Don’t open the oven door during baking. Even a quick peek lets out the steam that’s helping the Dutch baby climb up the sides of the skillet.
Brown the butter slowly over medium heat. Walk away for a second and it burns from amber to black faster than you’d believe.
Eat it within 5 minutes of pulling it from the oven. Dutch babies deflate as they cool, so the dramatic puff is best enjoyed right away.
What to Serve With This Recipe
Top each slice with a dusting of powdered sugar and a drizzle of real maple syrup. Add a dollop of whipped cream on the side.
Pair the Dutch baby with crispy bacon or breakfast sausage links. Pour a tall glass of fresh orange juice for the table.
Serve a bowl of vanilla yogurt and extra fresh berries alongside the pancake. Brew a pot of strong coffee or hot tea for guests.
How to Store
Move any leftover Dutch baby to an airtight container once it cools to room temperature.
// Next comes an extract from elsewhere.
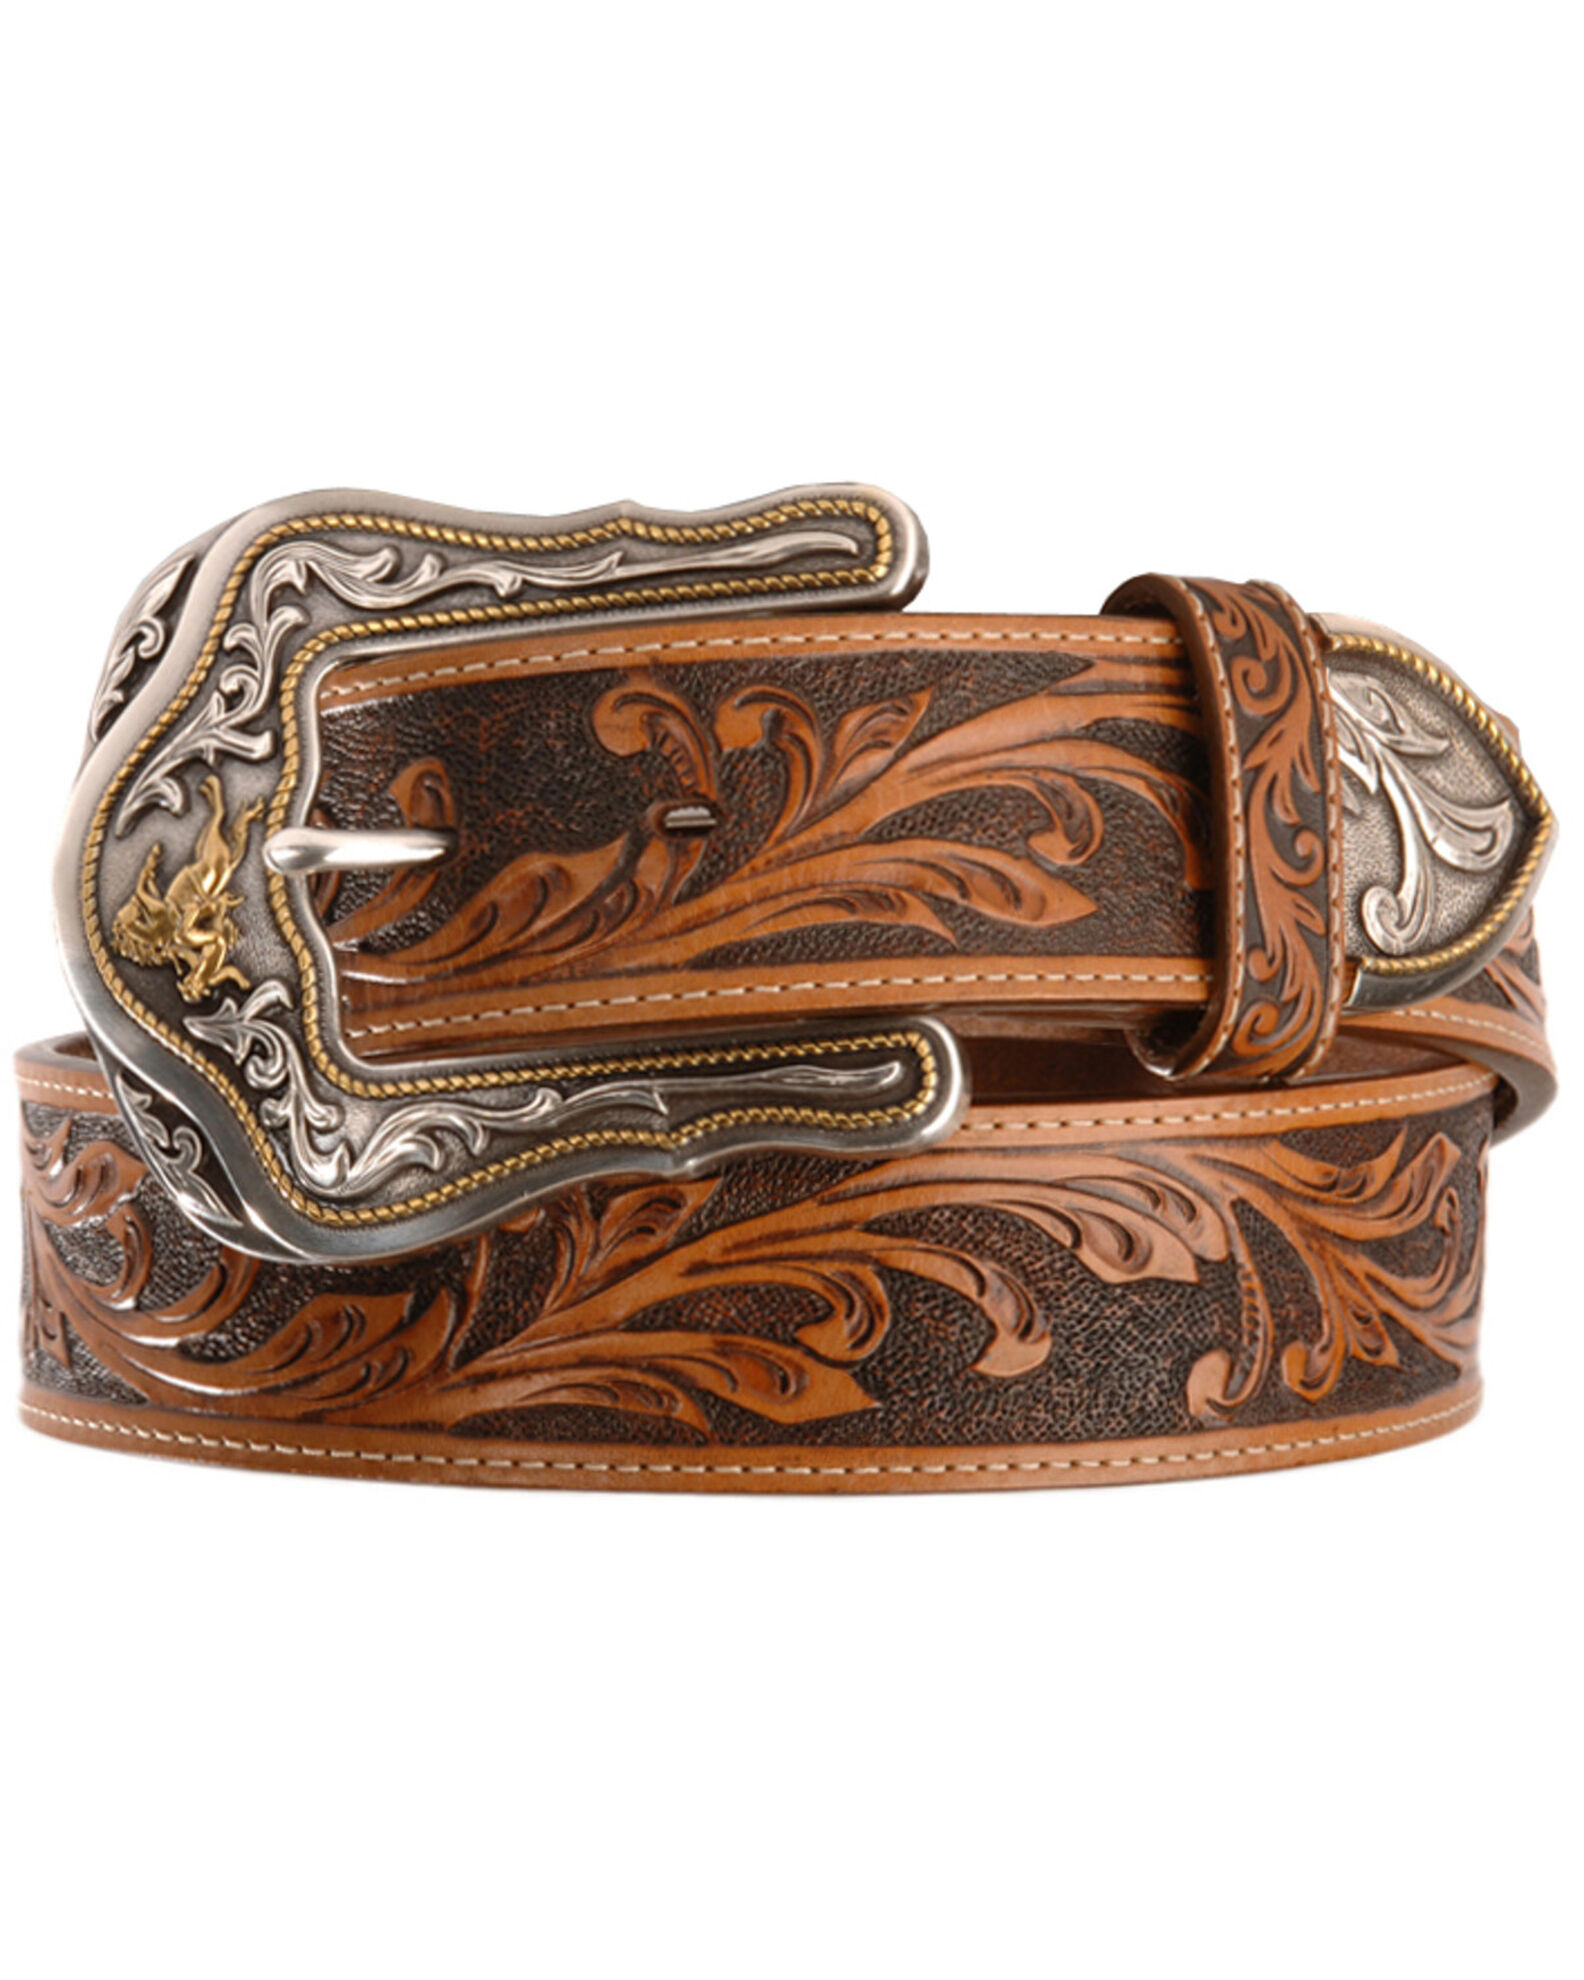 TONY LAMA Western Design Leather Belt

Place a piece of parchment paper between layers if you’re stacking slices. This stops them from sticking together in the fridge.
Keep the container on the middle shelf of your refrigerator. The Dutch baby stays good for about 2 days but the texture changes once it deflates and cools.
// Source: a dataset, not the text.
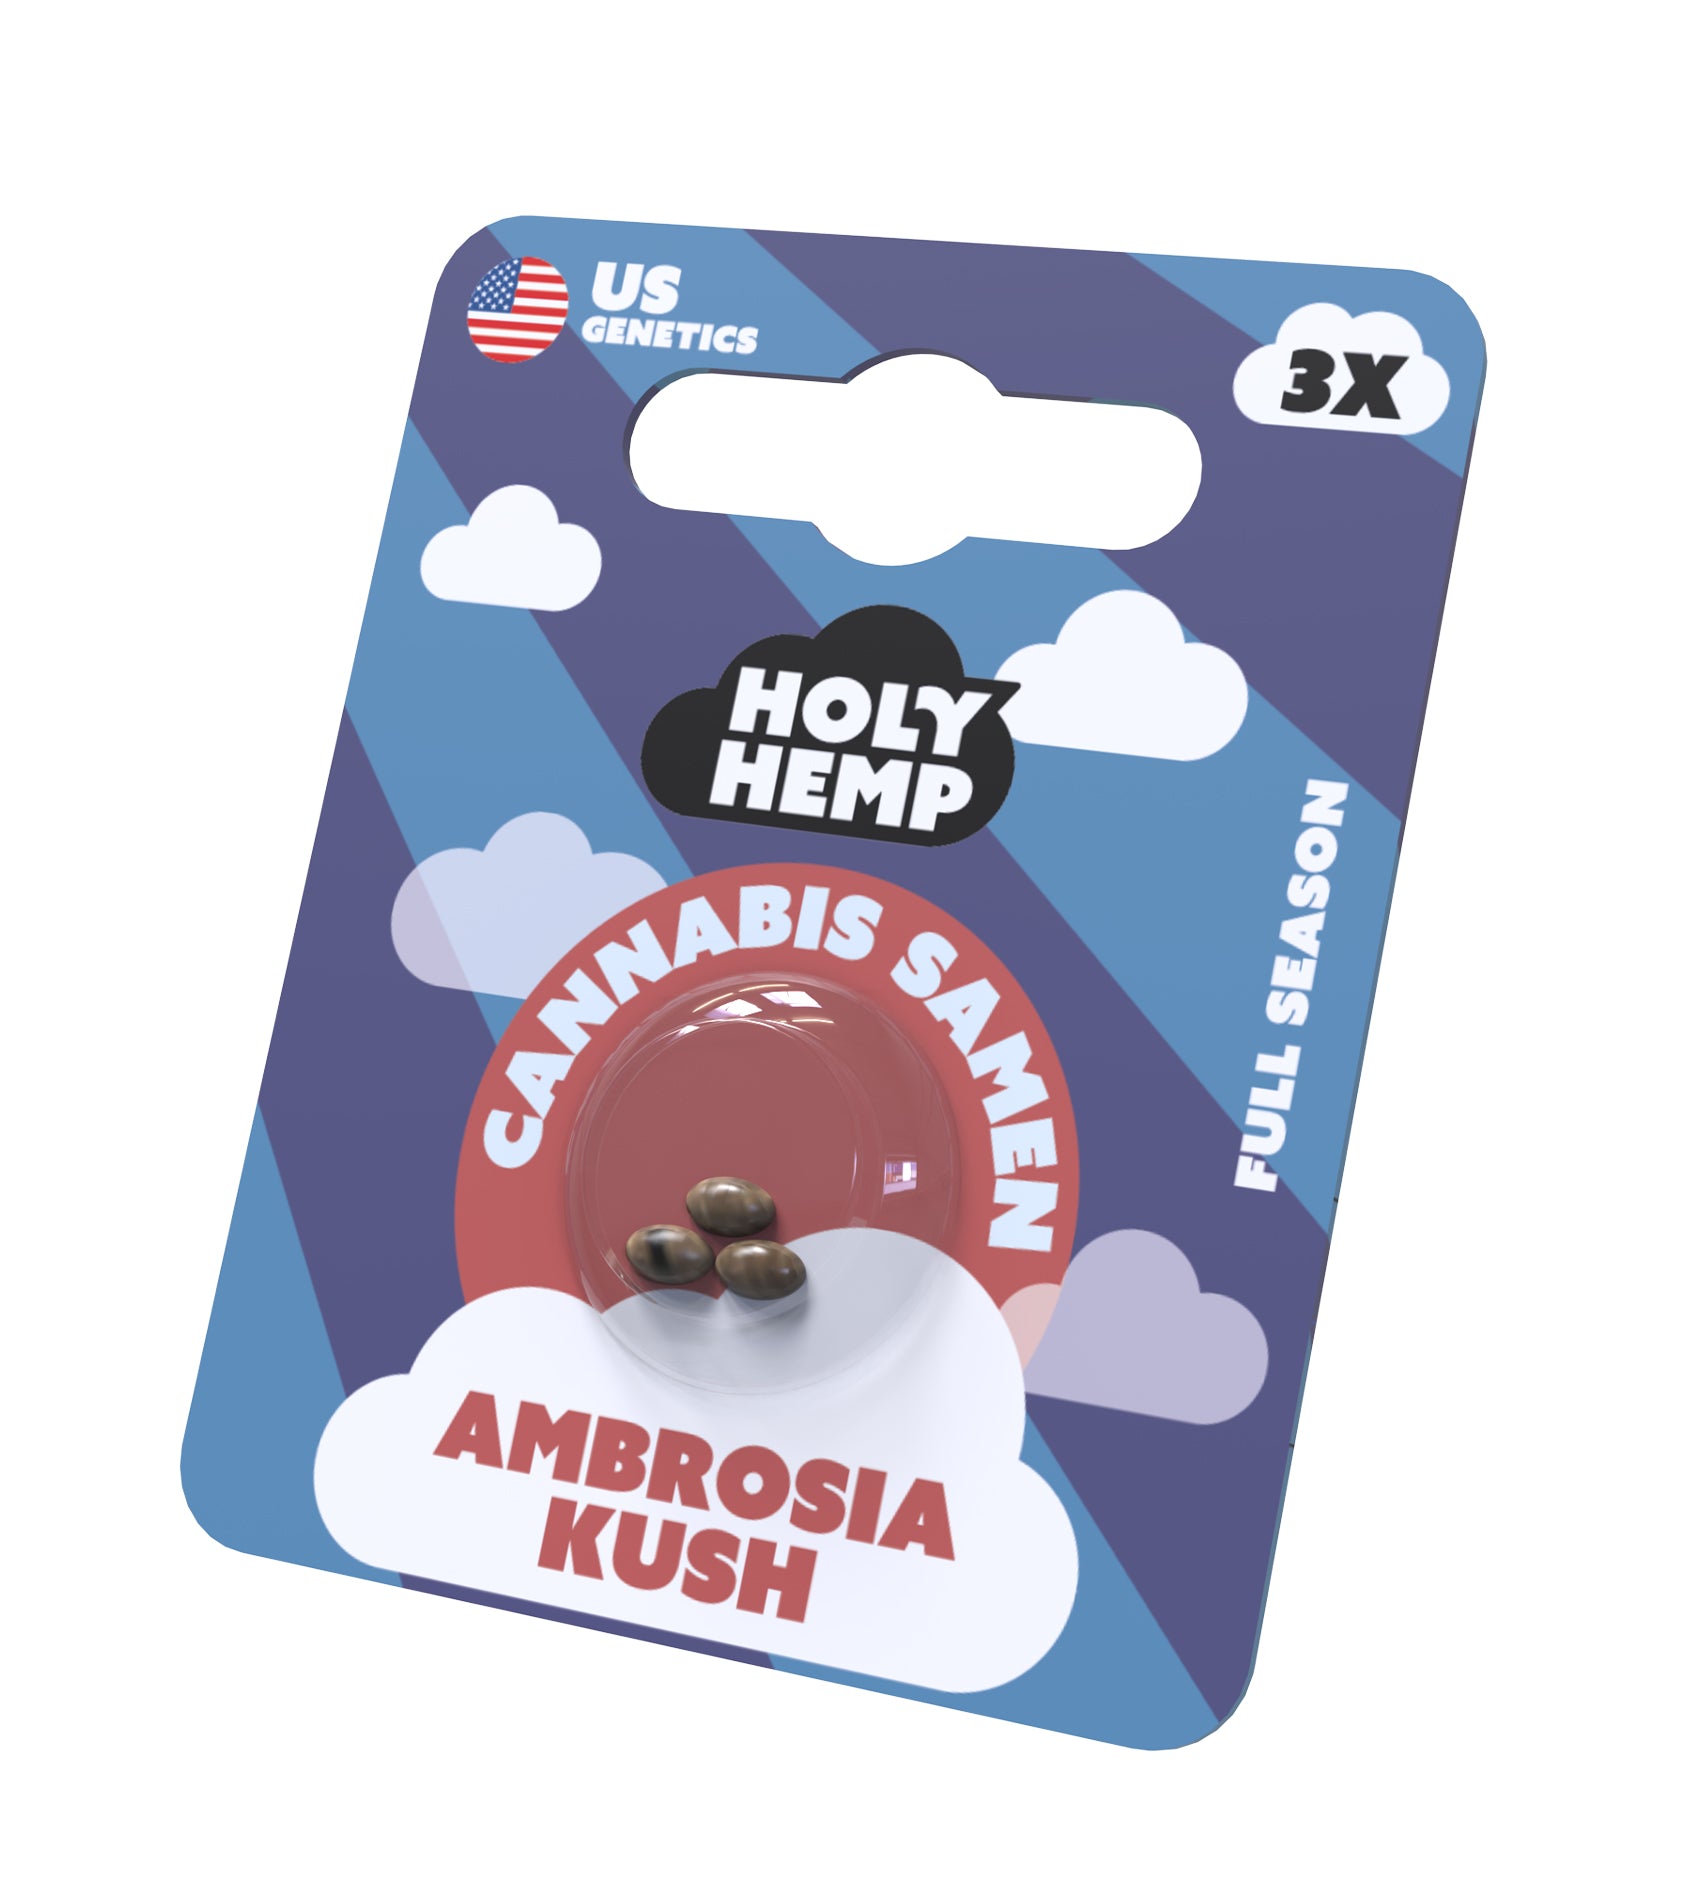 Cannabissamen Ambrosia Kush Full Season Holy Hemp

Reheat slices in a 350°F oven for about 5 minutes until warmed through. The pancake won’t puff back up but the flavor still comes through. Skip the microwave because it makes the texture rubbery.
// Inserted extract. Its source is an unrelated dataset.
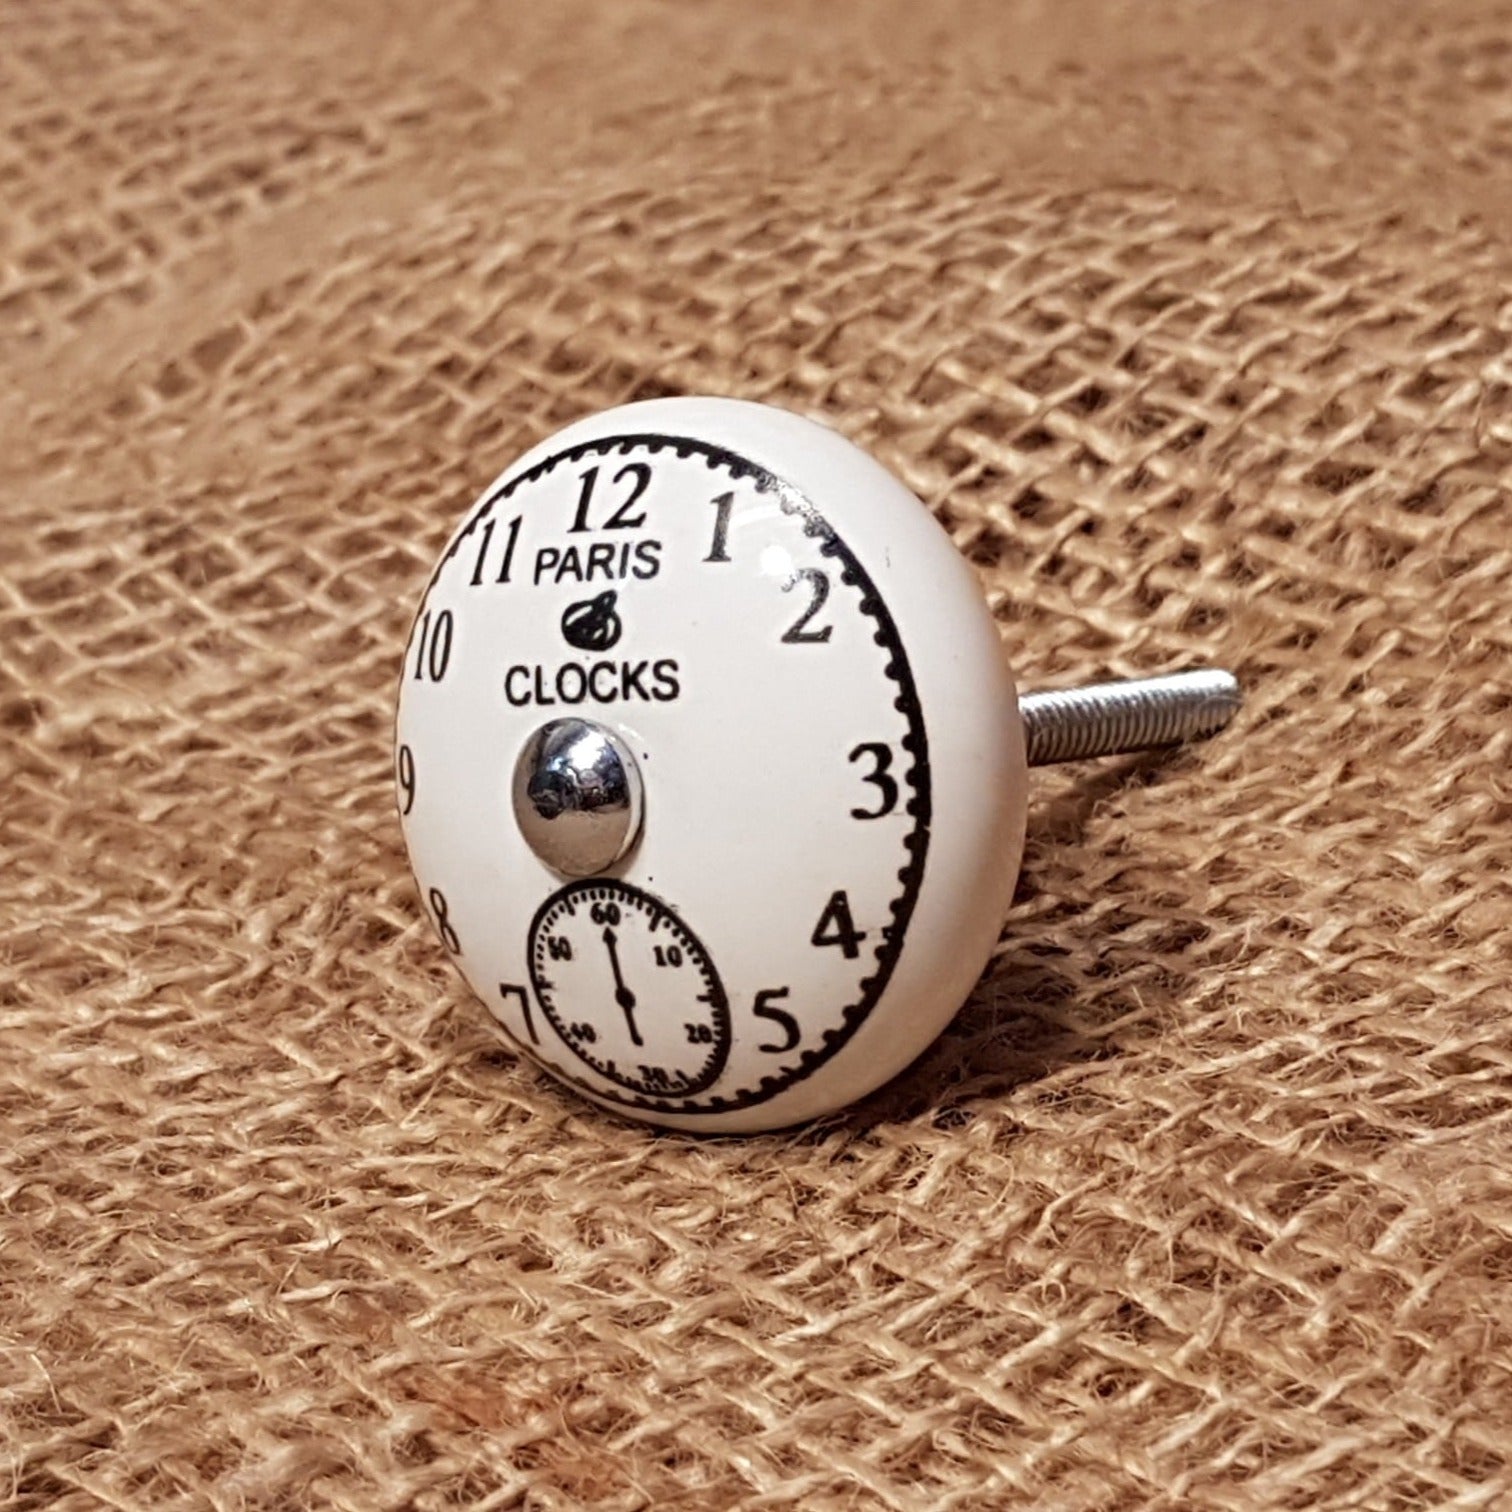 Paris Clocks - Ceramic Drawer Knob - Spearhead Collection - Drawer Knobs - Ceramic, Drawer Knobs, Hardware, Millwork Hardware

If you want to freeze leftovers, wrap individual slices in plastic wrap then foil. Frozen Dutch baby keeps for about a month. Thaw overnight in the fridge before reheating in the oven.
Recipe Variations and Add-ins
Swap blueberries for raspberries. Use the same amount of fresh raspberries in place of the blueberries. Raspberry jam works great as the matching jam drizzle too.
Try strawberry and basil. Slice up 1 cup of fresh strawberries and add 1 tablespoon chopped fresh basil to the batter. The combination tastes like summer in a skillet.
Add 2 tablespoons ricotta cheese. Dollop spoonfuls of fresh ricotta on top before baking. The cheese melts into little creamy pockets throughout the pancake.
Use almond extract instead of vanilla. Swap in 1/2 teaspoon of almond extract in place of the vanilla. This pairs beautifully with blueberries and adds a slightly nutty depth.
Top with toasted sliced almonds. Sprinkle 2 tablespoons of toasted sliced almonds over the finished Dutch baby. The crunch plays nicely off the soft custardy middle.
Drizzle with lemon glaze. Mix 1/2 cup powdered sugar with 1 tablespoon fresh lemon juice. Drizzle over the warm Dutch baby for an extra lemony kick.